The obvious answer
The short answer is yes. Even a seemingly minor increase in average temperature is enough to produce a major shift in our planet’s climate.
4.7 degrees C. The difference between wearing a sweater and not wearing one on an early spring day. In reality, if global emissions continue at their current rate, the world we live in will be 4.7 degrees C warmer by 2100, with grave consequences for all ecosystems and living things, including us.
According to the National Climate Assessment, human activities are the leading cause of global warming, especially carbon pollution from fossil fuels and forest destruction. Pollutants like carbon dioxide and methane act as a blanket, trapping heat from the sun and causing global warming. The decade from 2010 to 2019 was the hottest in at least 1,300 years. It is changing the earth’s climate system, including land, oceans and ice.
So what’s the worst that can happen?
Increasingly severe weather
Storms, heat waves, floods, and droughts are all getting worse as temperatures rise. Weather patterns change as the climate warms, making wet areas wetter and dry areas drier. Extreme weather events are increasing costs and more billion-dollar weather disasters are expected.
According to the National Oceanic and Atmospheric Administration, ten weather and climate disaster events caused at least $1 billion in losses in 2015. From 1980 to 2015, disasters cost an average of $5.2 billion. Between 2011 and 2015, the annual average cost was $10.8 billion.
Droughts, intense storms, and floods are becoming more frequent as our warming atmosphere holds–and then dumps–more moisture. Long dry spells mean scorched lawns. Dust storms, extreme heat, and flash flooding are all symptoms of drought in the United States. Water scarcity is a major cause of death and disease elsewhere in the world. Heavy rains cause streams, rivers, and lakes to overflow, causing property damage, contaminated drinking water, hazardous material spills, mold infestation, and unhealthy air. Disease-carrying insects like mosquitoes, fleas, and ticks benefit from a warmer, wetter world.
Higher mortality rates
“The biggest global health threat of the 21st century,” say scientists today. It is a threat that affects us all, especially children, the elderly, low-income communities, and minorities. As temperatures rise, so do illnesses, ER visits, and deaths.
It’s hotter where people aren’t used to it, Haq says. “They lack or cannot afford air conditioning. A day or two isn’t much. But four days of high temperatures, even at night, have serious health consequences.” Every year, hundreds of Americans die from heat-related illnesses like heat exhaustion, heatstroke, cardiovascular and kidney diseases.

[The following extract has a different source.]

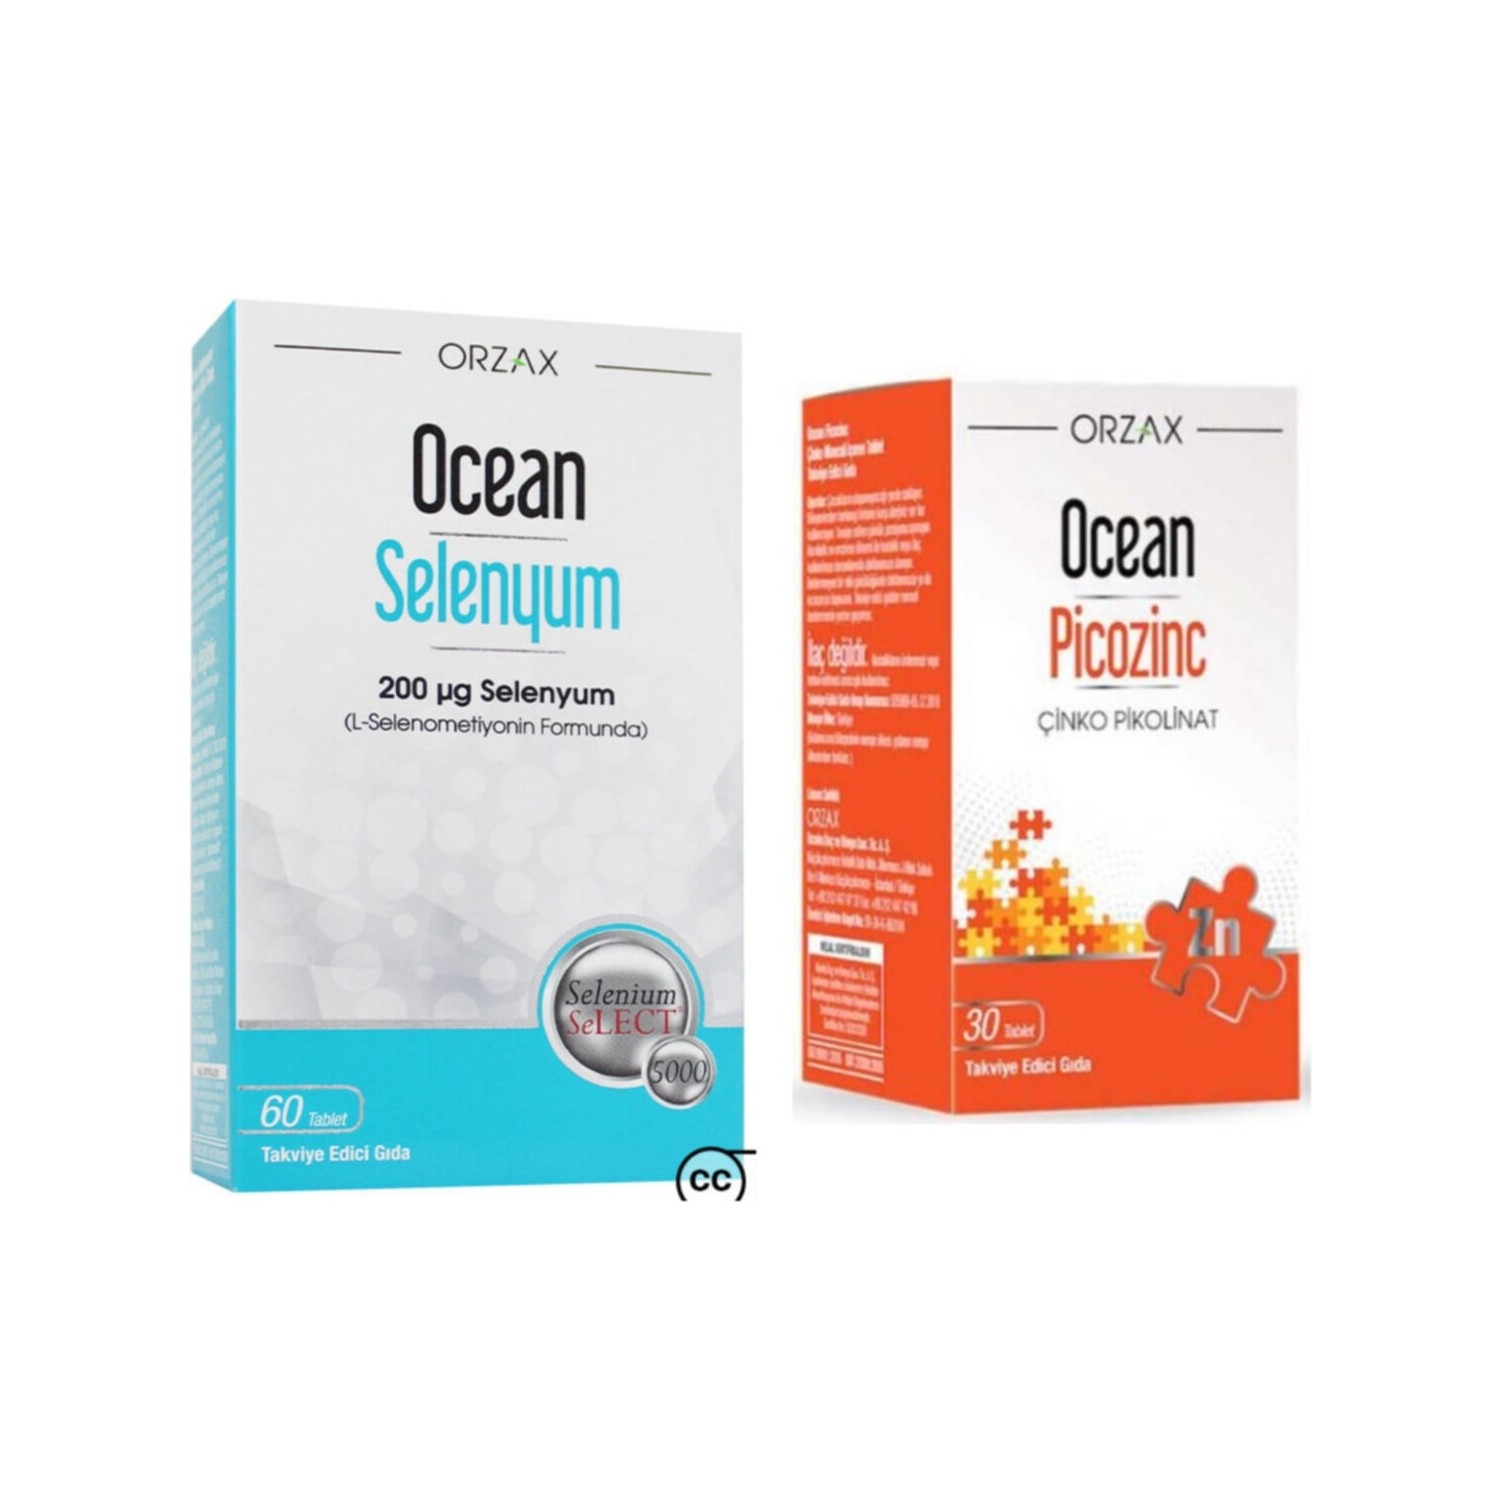 Селен Ocean 200 мкг, 60 таблеток + Пищевая добавка Ocean Picozinc Cinko Picolinate, 30 капсул добавка селена ocean 100 мкг 30 таблеток
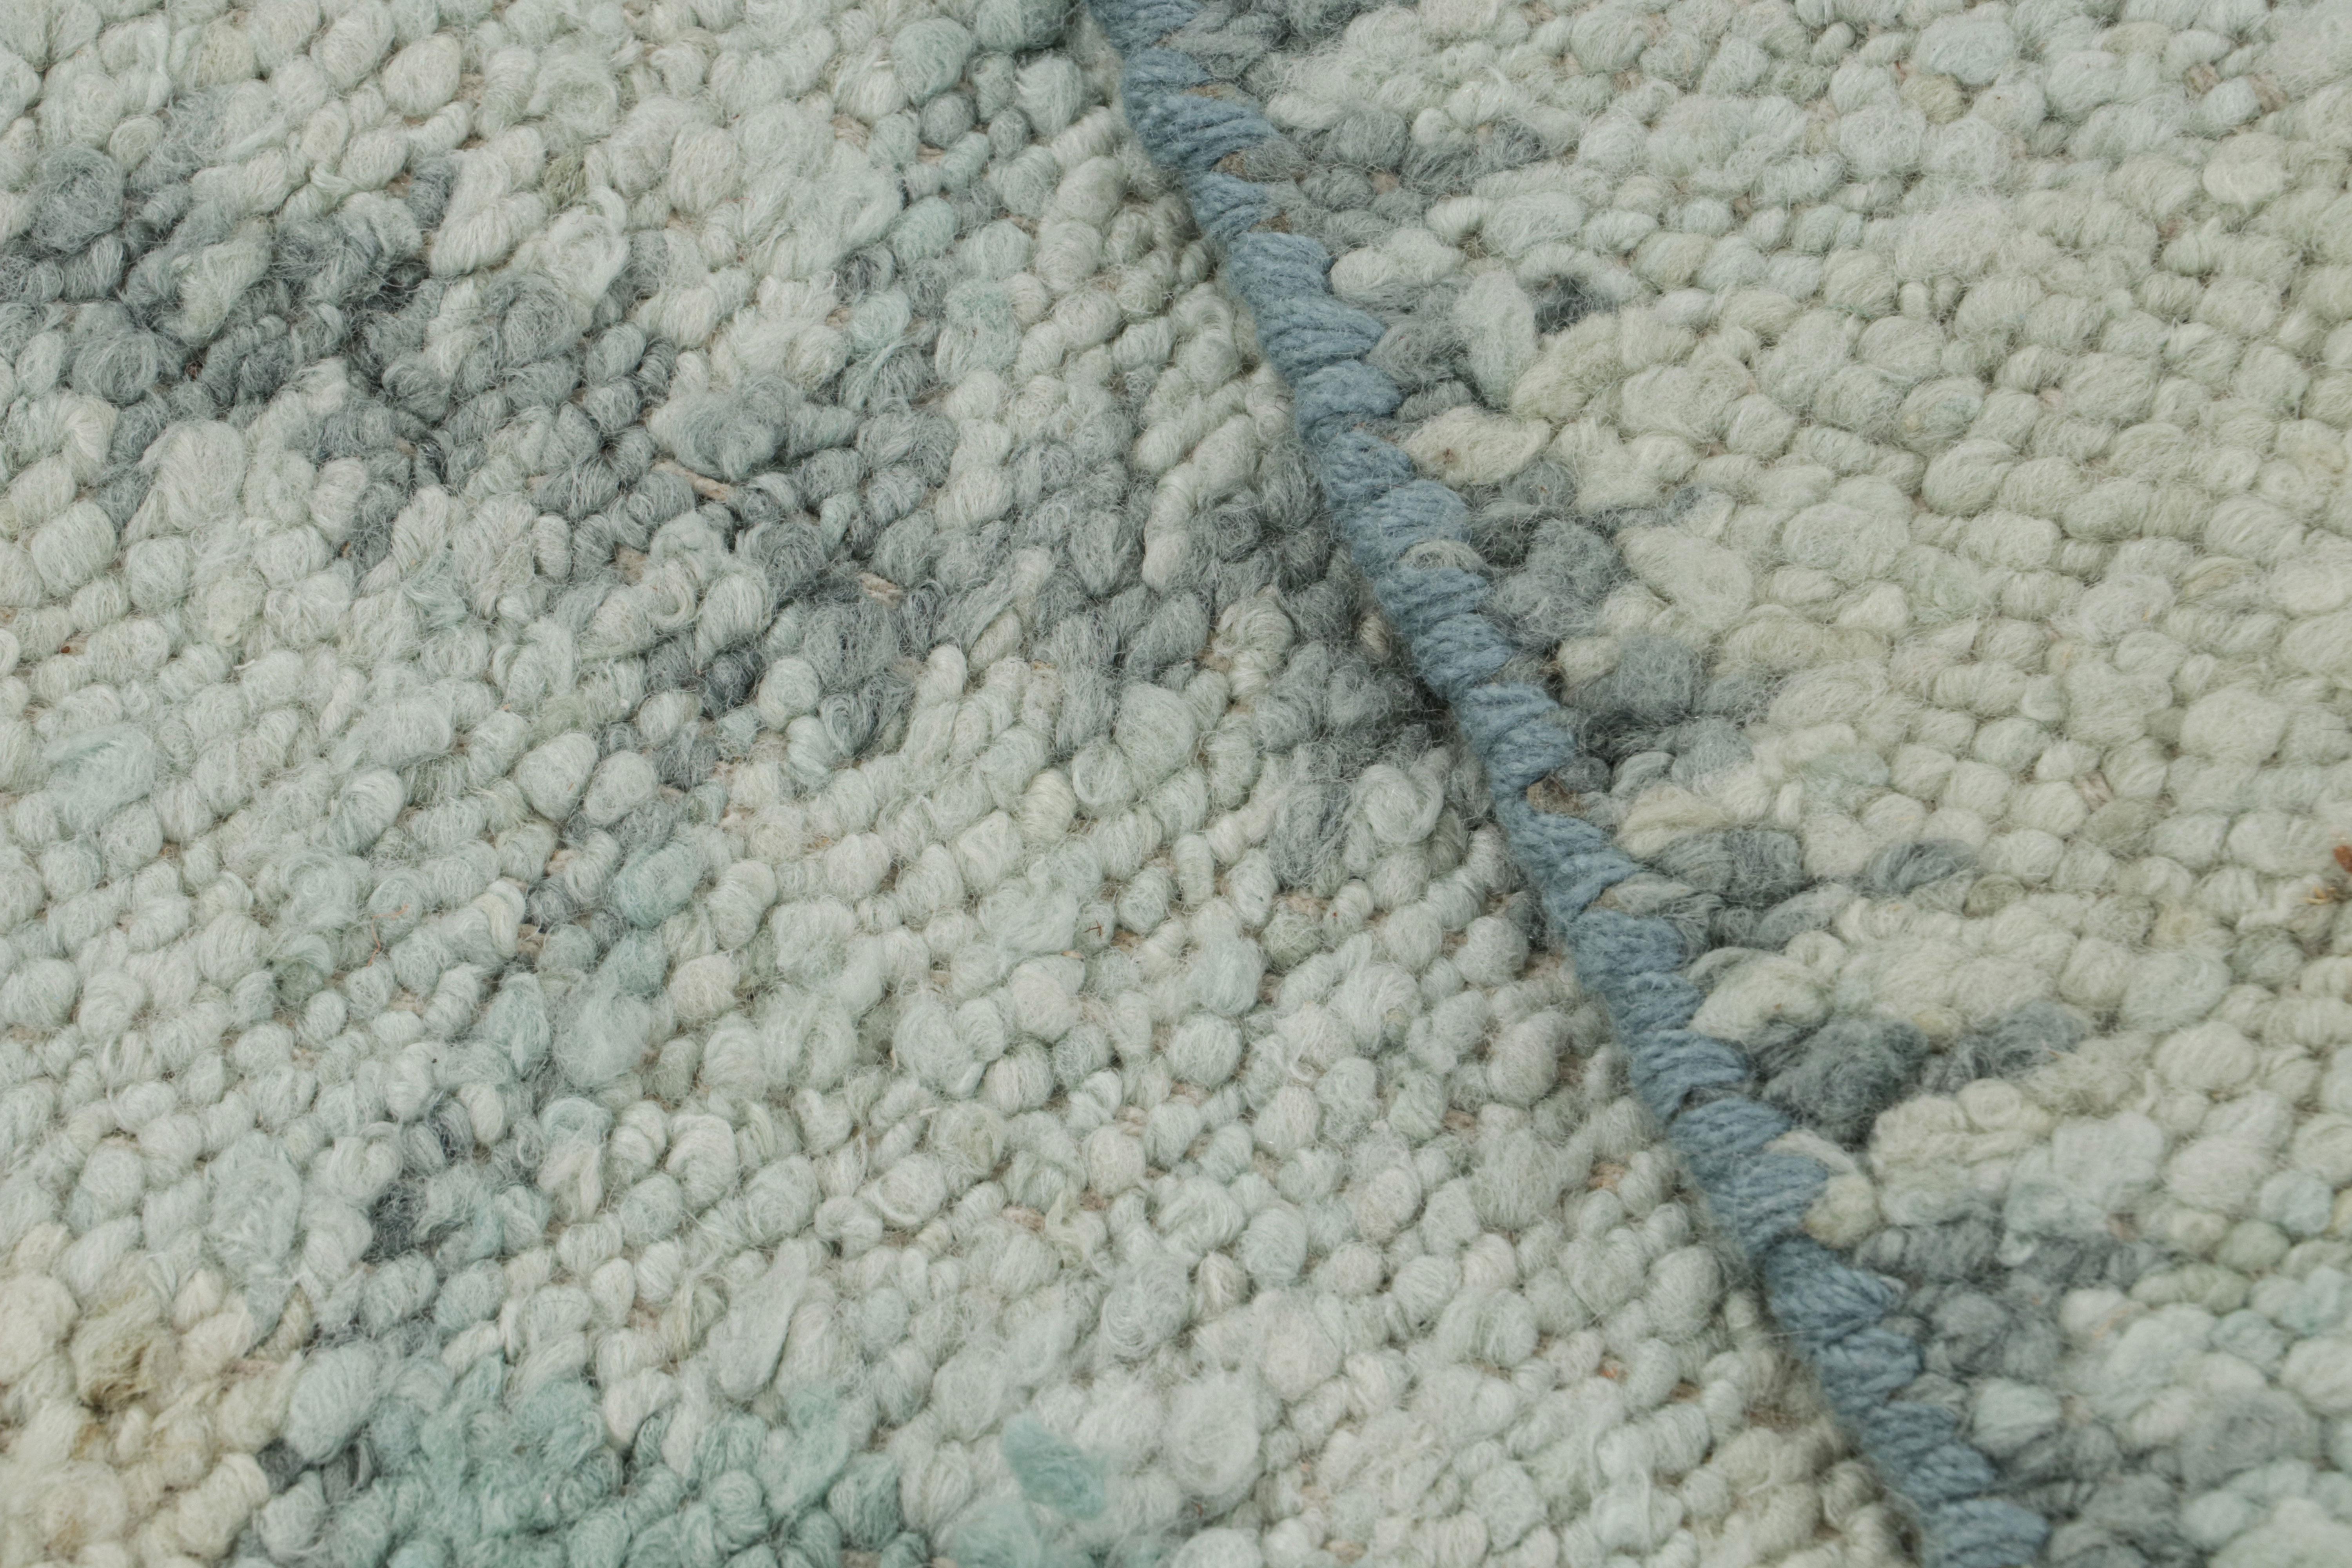 Wool Rug & Kilim’s Scandinavian Rug in Seafoam Green and Teal Blue Geometric Patterns For Sale

Heat kills more Americans than hurricanes, tornadoes, floods, and lightning combined.
Air that is dirtier
Rising temperatures also exacerbate air pollution by increasing ground level ozone, which is formed when pollution from automobiles, factories, and other sources reacts with sunlight and heat, as well as other pollutants. Ground-level ozone is the primary component of smog, and the hotter the weather gets, the more of it we have to deal with. For asthmatics, polluted air is associated with higher hospitalization rates as well as higher mortality rates. It has a negative impact on the health of people who suffer from cardiac or pulmonary disease. Warmer temperatures also result in a significant increase in pollen in the air, which is bad news for people who suffer from hay fever and other allergic conditions.
Increasing wildlife extinctions
Humans face many challenges, but we are not the only ones feeling the heat. Animals that inhabit land and sea are doomed to extinction if they do not adapt quickly enough. Not everyone will succeed. A 2014 report by the Intergovernmental Panel on Climate Change found that many land, freshwater, and marine species are moving to cooler climates or higher elevations to avoid warming. They’re altering seasonal patterns and migration routes. Yet many are still “at risk of extinction due to climate change.” As a result of climate change, pollution, and deforestation, vertebrate species (animals with backbones) are disappearing 114 times faster than expected.
Increasing sea levels
Polar regions are especially vulnerable to climate change. The Arctic is warming twice as fast as the rest of the world, and the ice sheets are melting rapidly. This not only affects the region’s people, wildlife, and plants, but it may also cause sea level rise. As a result, entire island nations as well as major cities such as New York, Los Angeles, Miami, Mumbai, Sydney and Rio de Janeiro will be threatened by rising oceans by 2100.
Climate change is here to stay, and it’s too late to stop it. We’ve already done that by polluting the air unchecked for a century. There would be effects even if we stopped emitting CO2 tomorrow, says Haq. That’s the bad news. Good news, too. We can avoid many of the severe consequences of climate change if we aggressively reduce global emissions and invest in technologies that remove carbon dioxie from the atmosphere.